As adults, individuals with an avoidant attachment style are most comfortable being independent, don’t like to rely on anyone for help or support and may prefer not to have anyone rely on them. They are often unable or unwilling to express their feelings in relationships and find it difficult to trust and be emotionally intimate with others (Dallos, 2013).

Adults with anxious and avoidant attachment styles are often drawn to each other, which usually reinforces their attachment injuries. These couples often fall into an extreme pursuer-distancer dynamic, which can exacerbate the attachment defences, causing both partners distress.

Insecure-Fearful (Also called Disorganized)

As adults, individuals with a disorganized attachment style desire emotional intimacy but simultaneously experience intimacy as threatening. Disorganized attachment typically develops when a child’s source of dependence & comfort is also a source of pain & fear. These individuals have a hard time trusting others because they often have experienced abuse and/or violence in their life.

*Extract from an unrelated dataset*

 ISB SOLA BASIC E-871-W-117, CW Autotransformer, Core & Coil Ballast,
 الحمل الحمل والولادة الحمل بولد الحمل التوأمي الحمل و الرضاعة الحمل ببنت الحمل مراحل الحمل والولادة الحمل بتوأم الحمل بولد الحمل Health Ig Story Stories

These individuals often fear that if they allow themselves to rely on and become close to another, they will inevitably be hurt (Dallos, 2013). They oscillate between reaching for connection and shutting down or lashing out, resulting from fear of abandonment.

Addressing Attachment

The attachment style you identify with right now does not have to be the one you are stuck with! With a lot of awareness and some hard work, attachment styles are changeable. All our therapists are well-versed in attachment theory and can support individuals and couples in learning about and shaping the interaction patterns and attachment defences that are causing distress. We would love to support you in creating the meaningful relationship you have always wanted.


Waters, E., Hamilton, C. E., & Weinfield, N. S. (2000). The stability of attachment security from infancy to adolescence and early adulthood: General introduction. Child Development, 71(3), 678-683.

Dallos, R. (2013). Attachment narrative therapy: Integrating narrative, systemic and attachment therapies. McGraw Hill.